Re: diseases and immunity

Gerold Firl (geroldf@sdd.hp.com)
10 Jul 1996 13:10:16 -0700

In article <4s0e88$47@dfw-ixnews3.ix.netcom.com> mbwillia@ix.netcom.com(Mary Beth Williams) writes:

>Gerold, you're taking a cite from a cite as hard evidence, and you're
>not even sure of the primary data from which the interpretation
>derives? Not very scientific, wouldn't you say?

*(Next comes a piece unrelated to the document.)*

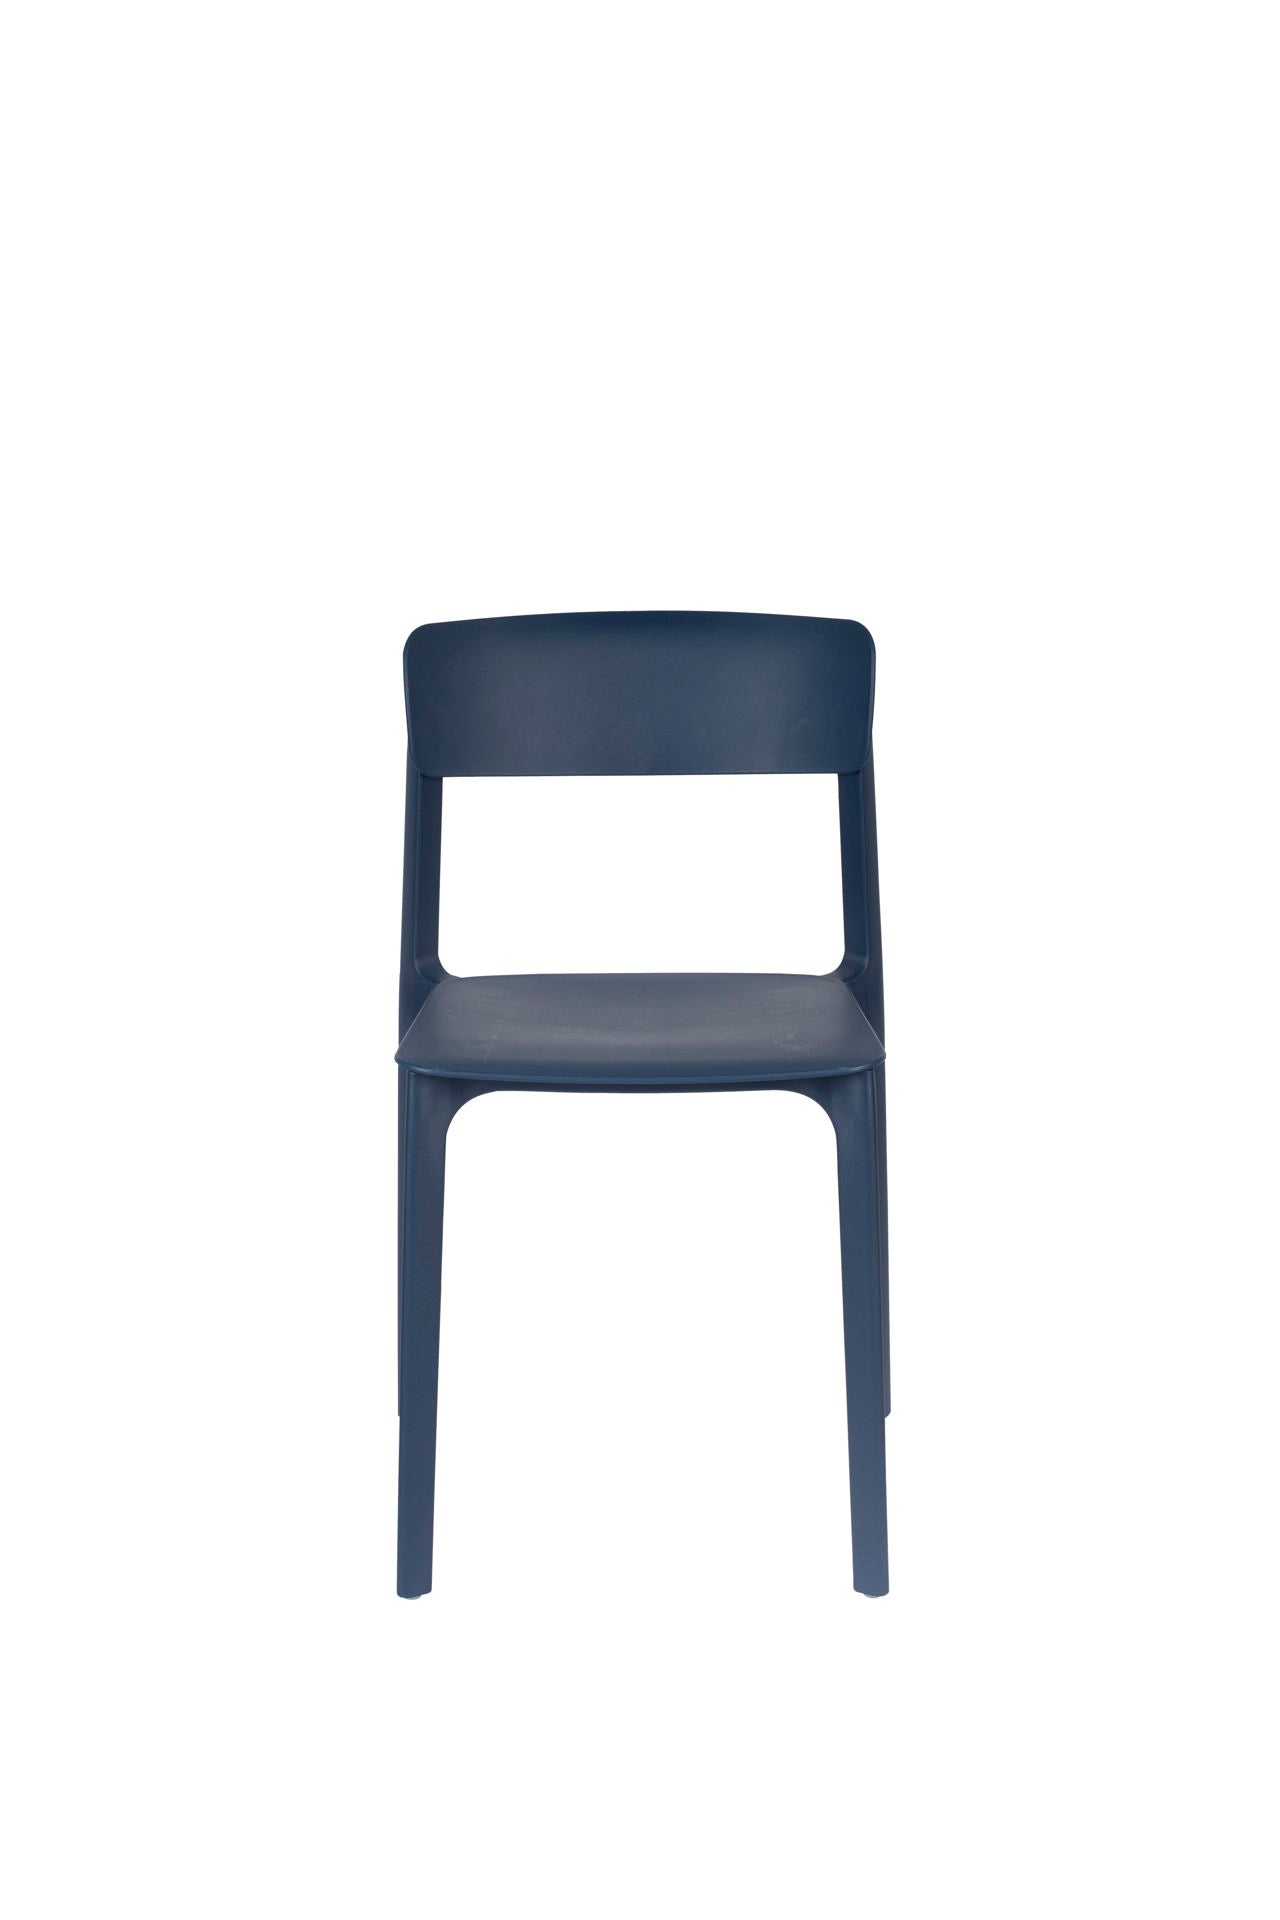 Nancy's Elsmere Chair - Retro - Blue - Polypropylene, Plastic - 47 cm x 48 cm x 94 cm

Oh, I don't know. I'm giving you what data I have. Is it "hard evidence"? I
consider mcneill to be pretty reliable, and it is certainly a well known
fact that unfamiliar diseases will manifest unusual symptoms and virulence.
I'm not sufficiently interested in this topic to go back to the dubos
reference to get more detail, but since you have done actual field work on
TB infection and mortality around the contact period, I expect that you
would.

>The most plausible present-day hypothesis is that Old World *yaws* and
>New World endemic syphillis interacted and formed a new more lethal
>strain of the organism. Hence, we have an example of where the
>pathogen, not the host, mutated (which is not at all uncommon --
>happens every year with the *flu*.)

It happens all the time, with every disease. That is why the immune system
has to have such a huge repertoir of responses; not only does it have to
respond to all the diseases in the current environment, but it must also be
prepared for all the new varieties which will occur. Generation times for a
bacterium are, what, a few hours? Over the course of a human lifetime,
disease organisms go through thousands of generations. Not only that, but
bacteria constantly exchange dna, so advantageous genes spread very quickly
in a bacterial population.

A TB culture will have a continuum of types, ranging from relatively
slow-acting, mild, chronic strains, to raging virulent killers. In an
adapted population, the virulent killers are fringe citizens, heavily
discriminated against by seasoned immune systems. They will constitute a
small percentage of the total. In an unexperienced host population,
however, the virulent strains will be the most successful. They will
rapidly and aggressively expand their market-share, until the epidemic
burns out and the chronic strains take over. This same pattern is found in
many different ecological settings: many weed species are adapted for rapid
exploitation of disturbed soils (milkweed, for example). Lodgepole pines
are adapted for exploitation of fire-cleared forest. Human slash and burn
techniques, whether in amazonia or among balkan gypsy con artists are also
analogous.

>The problem here is, Gerold, that you have no evidence, and in fact
>there is _negative_ evidence, to support your claims that TB was an
>*epidemic* versus *endemic* disease in either Indian or non-Indian
>populations during the Contact Period.

Among the maori, I believe that TB was the main killer, because smallpox
had a hard time reaching new zealand. In the americas, the only example I
have heard of is the one cited by mcneill. Maybe it's bogus; I guess we'll
need to check dubos to get more information.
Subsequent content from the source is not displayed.